As of fall 2012, natural gas prices are in the basement, liquids prices just one floor up, and oil continues to command the penthouse view. These varying commodity prices have sometimes obvious, sometimes subtle effects on the economics of oil and gas plays, and investors must try to assess these and other factors when analyzing plays’ relative strengths.

In recent reports, Global Hunter Securities’ analyst Mike Kelly tackled some of the questions investors most frequently ask about comparative breakevens, rates of return and general economics of the “mounting list of oil/liquids resources plays in the Lower 48.” In a follow-up, he developed a “what if this all works” scenario, forecasting “what today’s 6.26 million barrels per day of U.S. crude production could be 10 years from now if a handful of these nascent resources plays ultimately reach shale celebrity status like the Bakken and the Eagle Ford….”

Kelly studied 28 “early-innings” horizontal plays, some with only slight production history to date, such as the Brown Dense, Woodbine, Tuscaloosa Marine shale and Utica—“which means we had to take the often dangerous route of relying on managements’ assumptions and expectations in order to calculate these, admittedly, very preliminary figures,” he says.

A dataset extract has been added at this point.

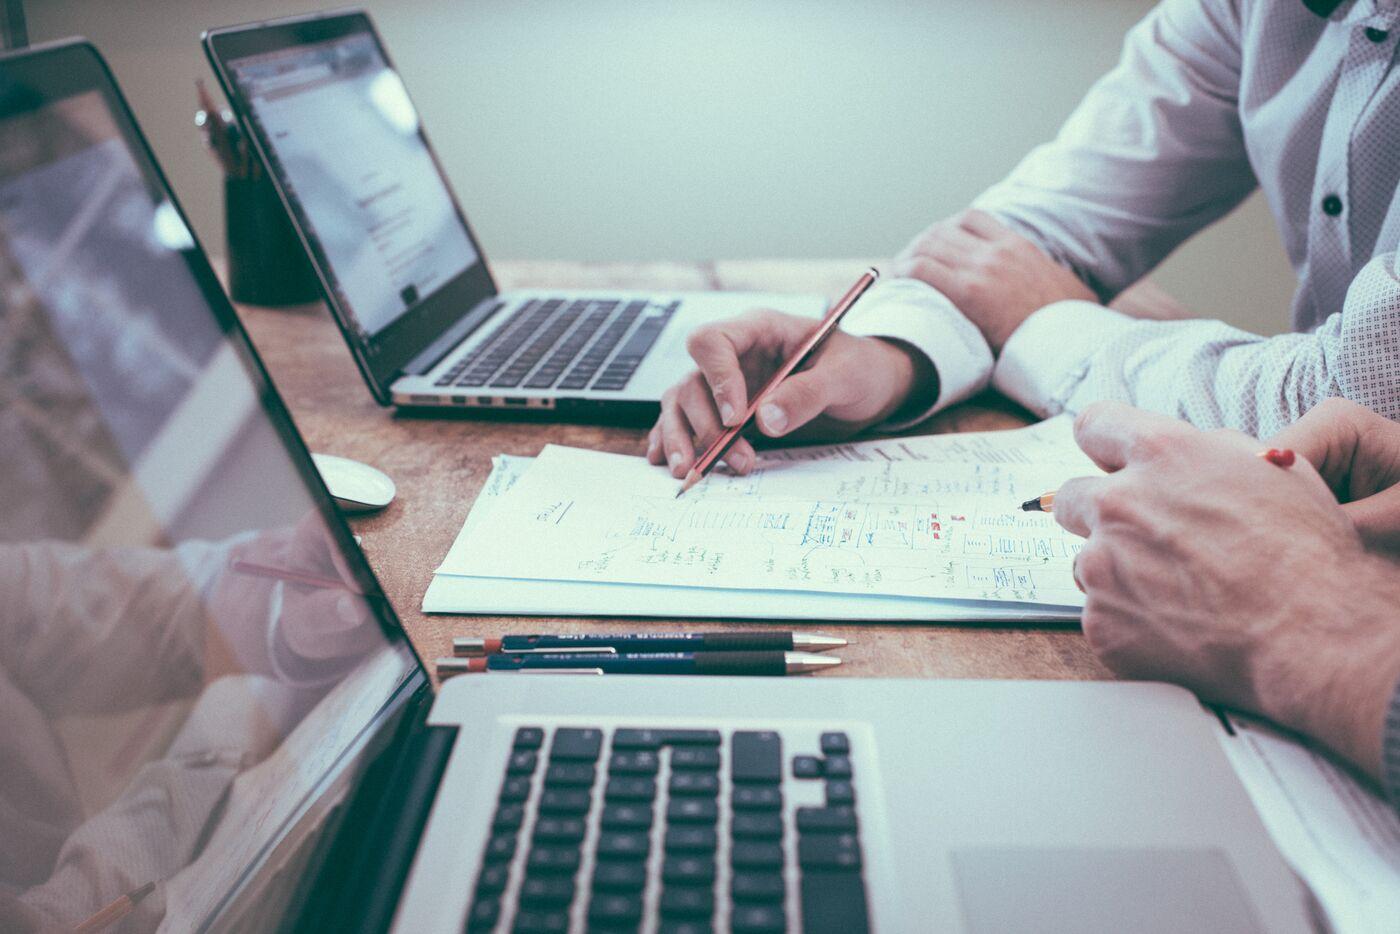 Sales Manager (m/w/d) - Job Freiburg - Karriere - Application form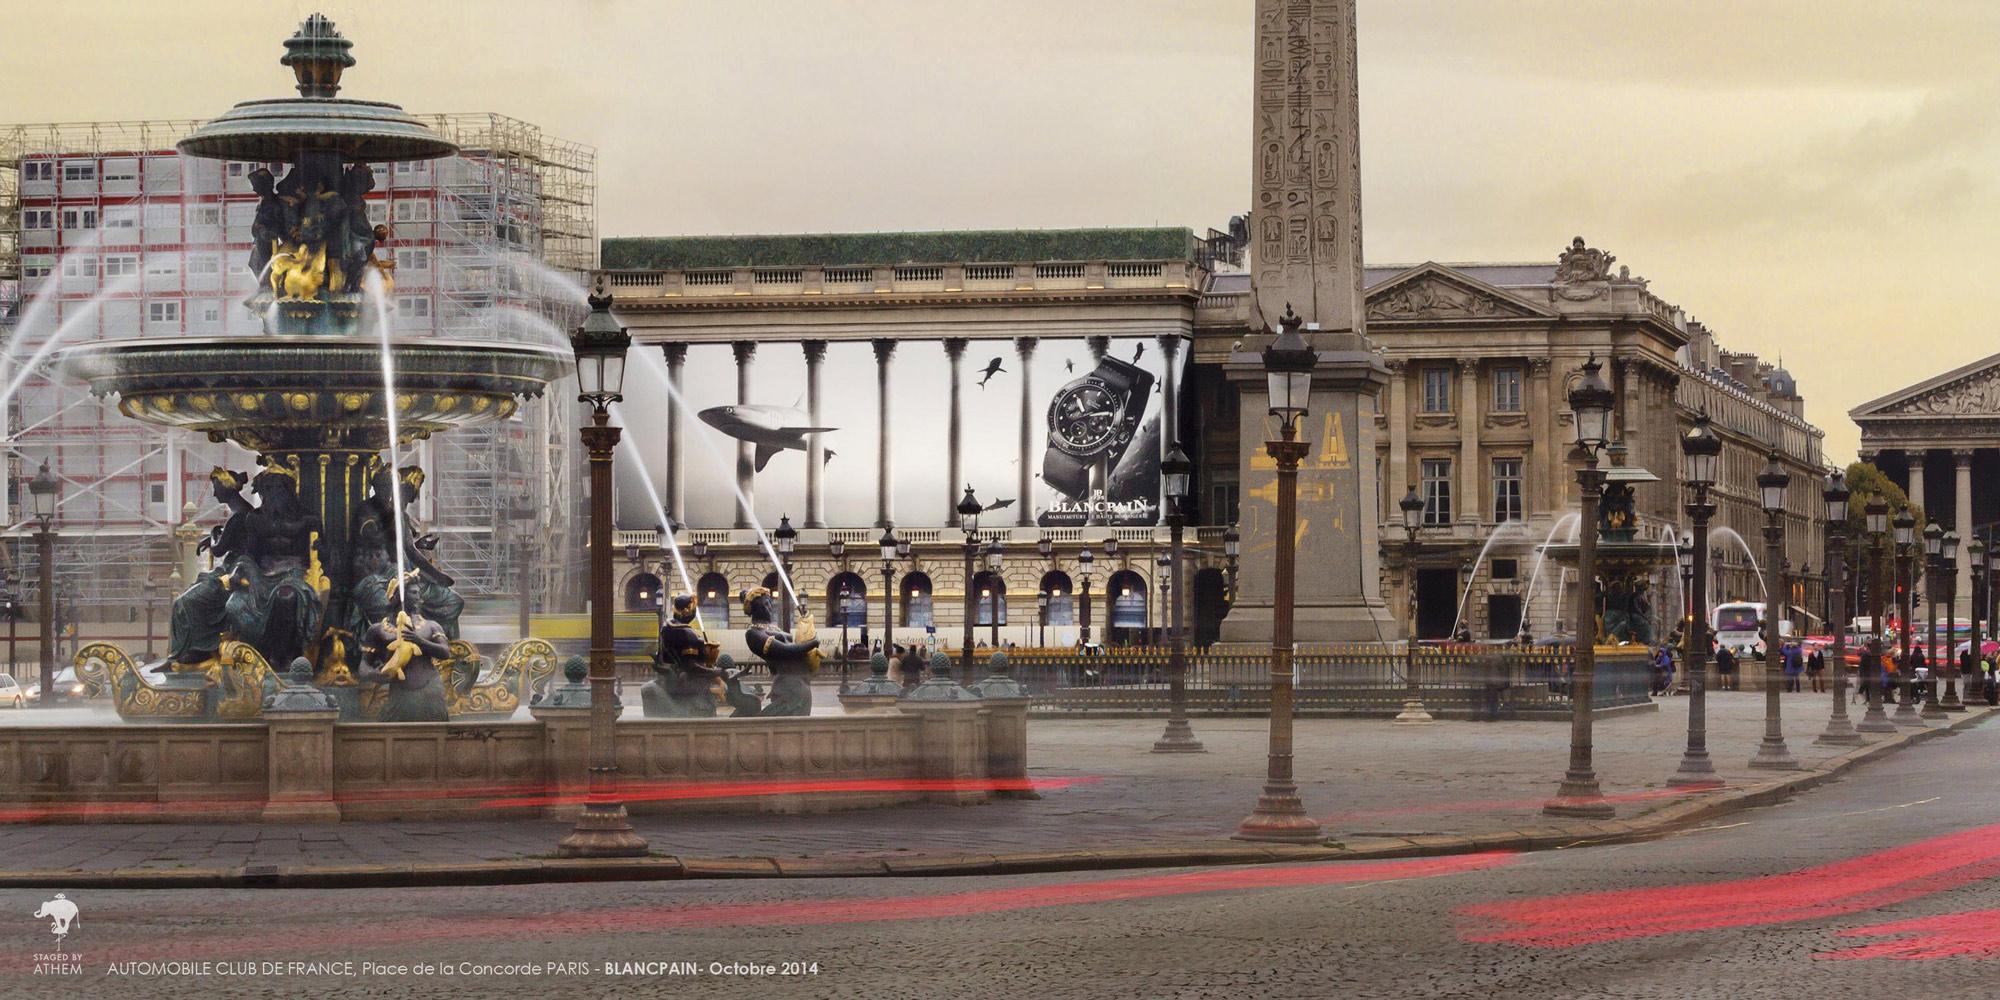 Affichage monumental Blancpain (c)

His calculations showed that at $90 oil and $4.50 per thousand cubic feet of gas, the average pretax internal rate of return (IRR) for the 28 plays is 42%; the average oil price needed for a 25% IRR is $75 per barrel. He thinks a 25% IRR is needed to justify drilling in most cases, because general and administrative, leasing and seismic expenses aren’t included in the figuring.

At $90 oil, the top IRR plays were Mississippian-Nemaha Ridge, the Niobrara-Wattenberg extension, the Woodbine, the Mississippian Permian, the liquids-rich Eagle Ford, the Granite Wash, the Niobrara Wattenberg, the Cleveland/Tonkawa, the Barnett Combo, and the Yeso. Those same plays could generate a 25% IRR at oil prices below the $74.99 average breakeven.

Kelly then looked at his play assessments in light of potential U.S. crude production. He asked, What if a handful of those 28 plays achieved as much investment and eventual production as the Bakken and the Eagle Ford have? He figured those eventual “celebrities” might be the Permian’s horizontal Wolfcamp and Cline; the Utica; the Tuscaloosa Marine shale; and the Woodbine.

“Under this scenario we assume the horizontal oil-rig count increases at a 7% annual rate, and while that assumption isn’t outlandish, the end result is quite extravagant—2022 production of 11.95 million barrels per day (from all plays, including the Gulf of Mexico and Alaska), which is 92% higher than our 2012 estimate,” Kelly says.

While the scenario is “far from our base-case scenario,” he says, it provides an interesting contrast to the EIA’s current oil forecast “that calls for a paltry 13% absolute growth rate over the same period.”

Kelly and others on the GHS team presented their analysis of 27 “early-innings” horizontal plays at a recent Society of Petroleum Engineers “Liquids-Rich Basins Conference” in Midland, Texas.